2. Procedimiento para determinar si un tumor responderá al tratamiento con un inhibidor de EGFR en combinación con un agente quimioterapéutico, que comprende la determinación de la presencia de EGFR natural o mutado y un KRAS mutante en una muestra de dicho tumor, según lo cual, la presencia simultánea de EGFR y una proteína o gen KRAS mutantes indica que el tumor no responderá al tratamiento con un inhibidor de EGFR.

3. Procedimiento según la reivindicación 1 o la reivindicación 2, en que dicha mutación en KRAS es una mutación activadora.

4. Procedimiento según la reivindicación 1 o la reivindicación 2, en que dicha mutación en KRAS es al menos una de entre G12C, G12A, G12D, G12R, G12S, G12V, G13C y G13D.

5. Procedimiento según cualquiera de las reivindicaciones precedentes, en que dicho inhibidor de EGFR es uno o más de entre cetuximab, panitumumab, erlotinib o gefitinib.

6. Procedimiento según la reivindicación 5, en que dicho inhibidor de EGFR es erlotinib.

7. Procedimiento según cualquiera de las reivindicaciones precedentes, en que dicho agente quimioterapéutico es uno o más de entre citarabina, fludarabina, 5-fluoro-2’-desoxiuridina, gemcitabina, hidroxiurea, metotrexato, bleomicina, clorambucilo, cisplatino, ciclofosfamida, doxorrubicina, mitoxantrona, camptotecina, topotecán, tenipósido, colcemida, colchicina, paclitaxel, vinblastina, vincristina o tamoxifeno.

8. Procedimiento según una cualquiera de las reivindicaciones 1 a 6, en el que dicho agente quimioterapéutico es carboplatino y/o paclitaxel.

9. Procedimiento según cualquiera de las reivindicaciones precedentes, en el que el EGFR es EGFR natural.

10. Procedimiento según una cualquiera de las reivindicaciones 1 a 8, en el que el EGFR es EGFR mutado.

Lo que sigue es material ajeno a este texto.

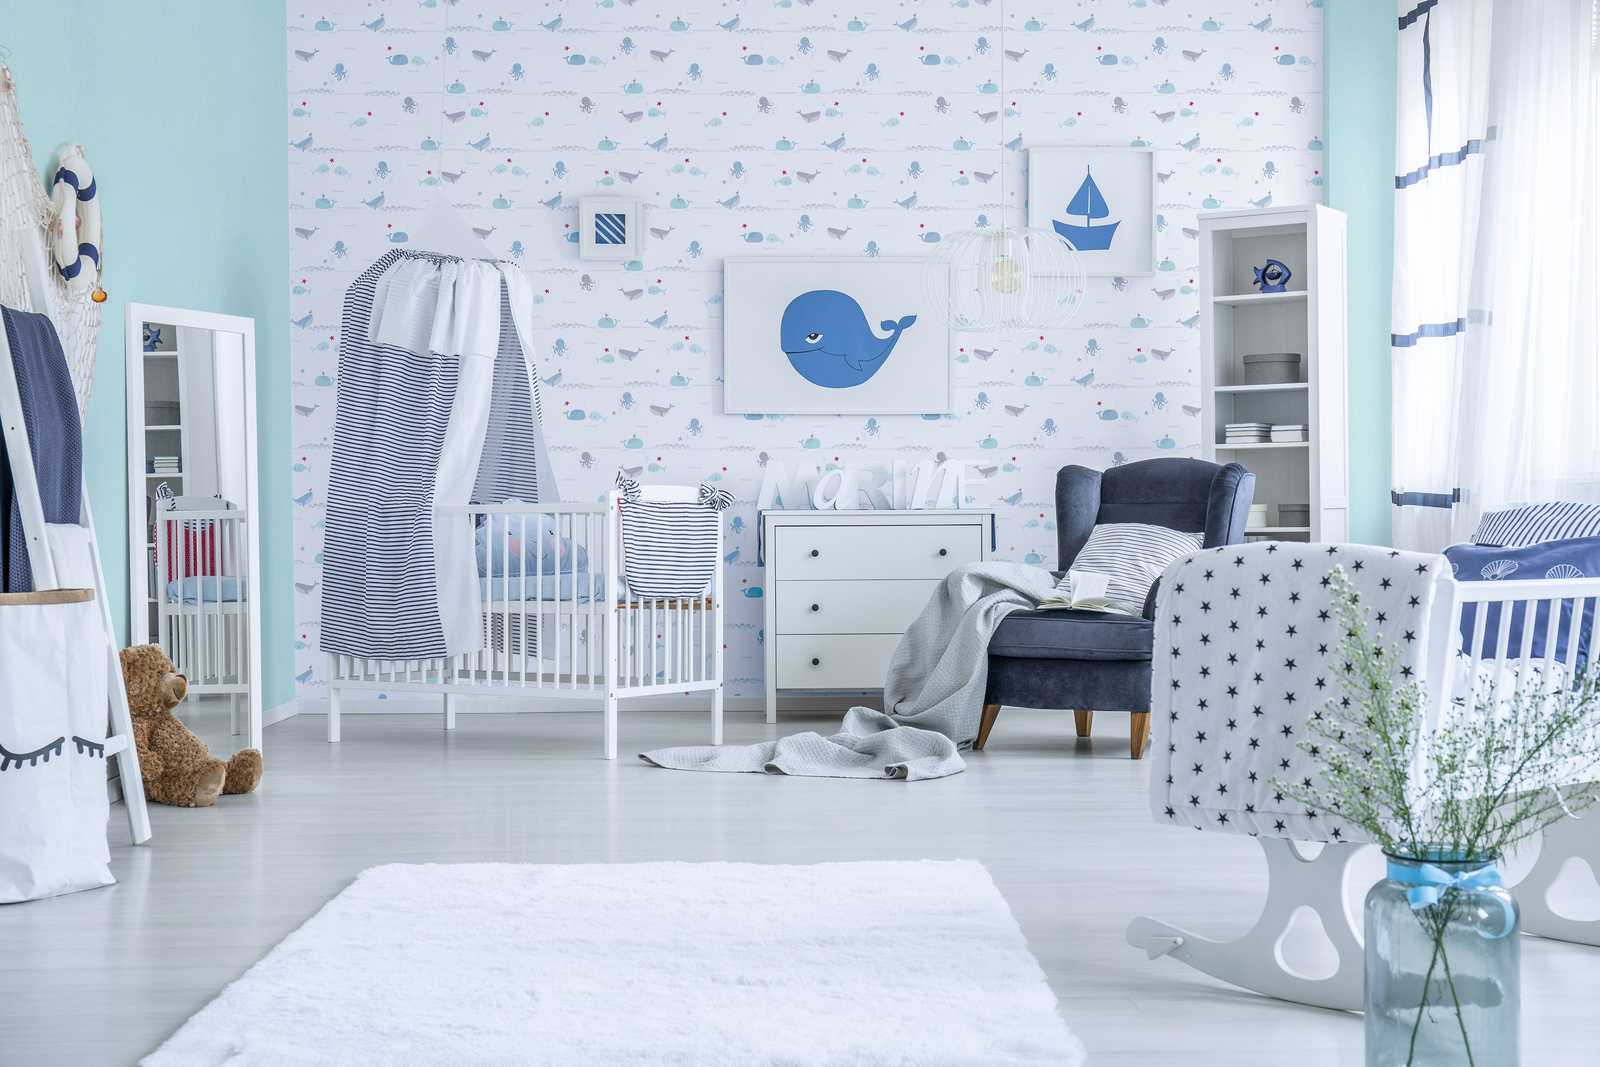             Papier peint chambre enfants animaux marins - bleu, gris, blanc

11. Procedimiento según cualquiera de las reivindicaciones precedentes, en el que la presencia de EGFR se determina por inmunohistoquímica.

12. Procedimiento según cualquiera de las reivindicaciones precedentes, en el que la presencia de una mutación en KRAS se determina mediante la amplificación de un ácido nucleico de KRAS a partir de dicho tumor o de un fragmento del mismo, del que se sospecha que contiene una mutación, y la secuenciación de dicho ácido nucleico amplificado.

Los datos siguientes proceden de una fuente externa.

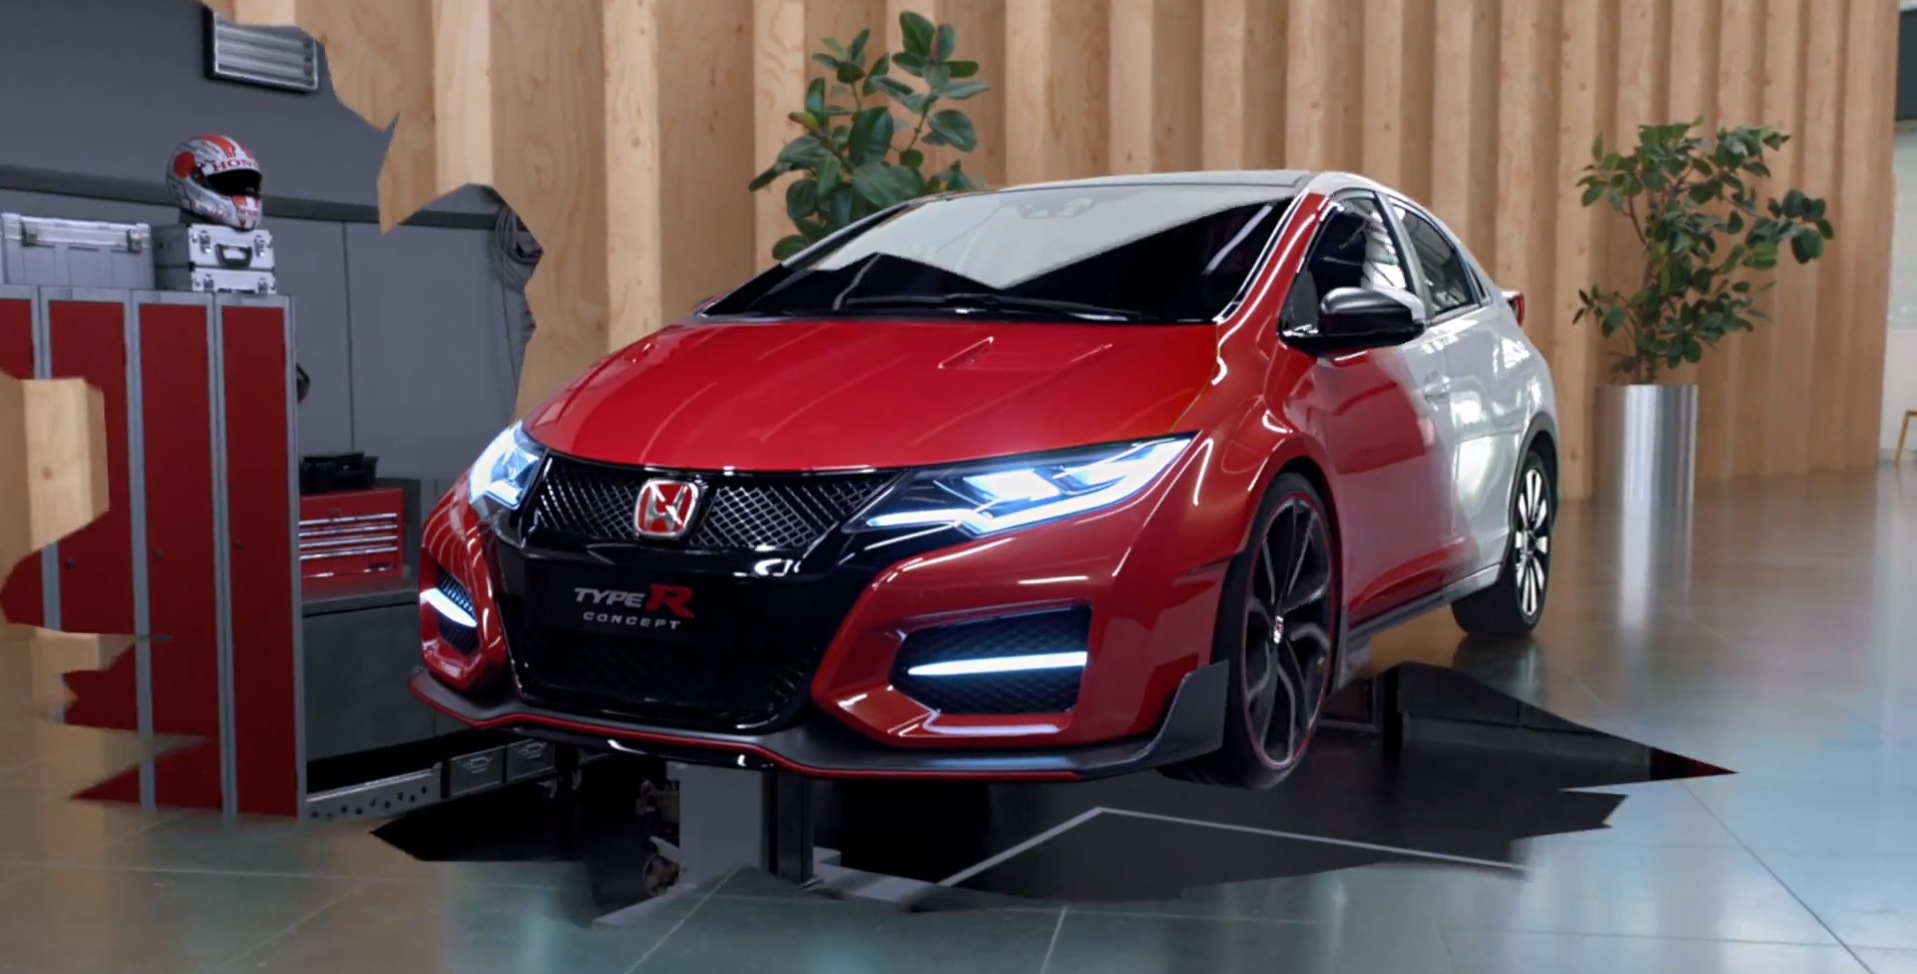 “بالفيديو” ظهور الجانب الاخر من سيارة هوندا سيفيك 2015 تايب R الجديدة Honda Civic

13. Procedimiento según una cualquiera de la reivindicaciones 1 a 11, en el que la presencia de una mutación en KRAS se determina mediante la amplificación de un ácido nucleico de KRAS a partir de dicho tumor o de un fragmento del mismo, del que se sospecha que contiene una mutación, y la comparación de la movilidad electroforética del ácido nucleico amplificado con la movilidad electroforética del correspondiente ácido nucleico o fragmento de KRAS natural.

14. Procedimiento según la reivindicación 1 o según una cualquiera de las reivindicaciones 3 a 13, como dependientes de ésta, en el que la presencia simultánea de una mutación en KRAS y de EGFR indica que se espera una menor supervivencia para el paciente si se le trata con un inhibidor de EGFR en combinación con quimioterapia que si se le trata solamente con quimioterapia.

15. Inhibidor de EGFR para uso en un procedimiento para el tratamiento de un tumor en combinación con quimioterapia, en el que el tratamiento está contraindicado para tumores que contienen simultáneamente una

mutación en KRAS y EGFR.

16. Inhibidor de EGFR para uso en un procedimiento para el tratamiento de un tumor en combinación con quimioterapia de acuerdo con la reivindicación 15, que es uno o más de entre cetuximab, panitumumab, erlotinib o 5 gefitinib.

17. Inhibidor de EGFR para uso en un procedimiento para el tratamiento de un tumor en combinación con quimioterapia de acuerdo con la reivindicación 16, que es erlotinib.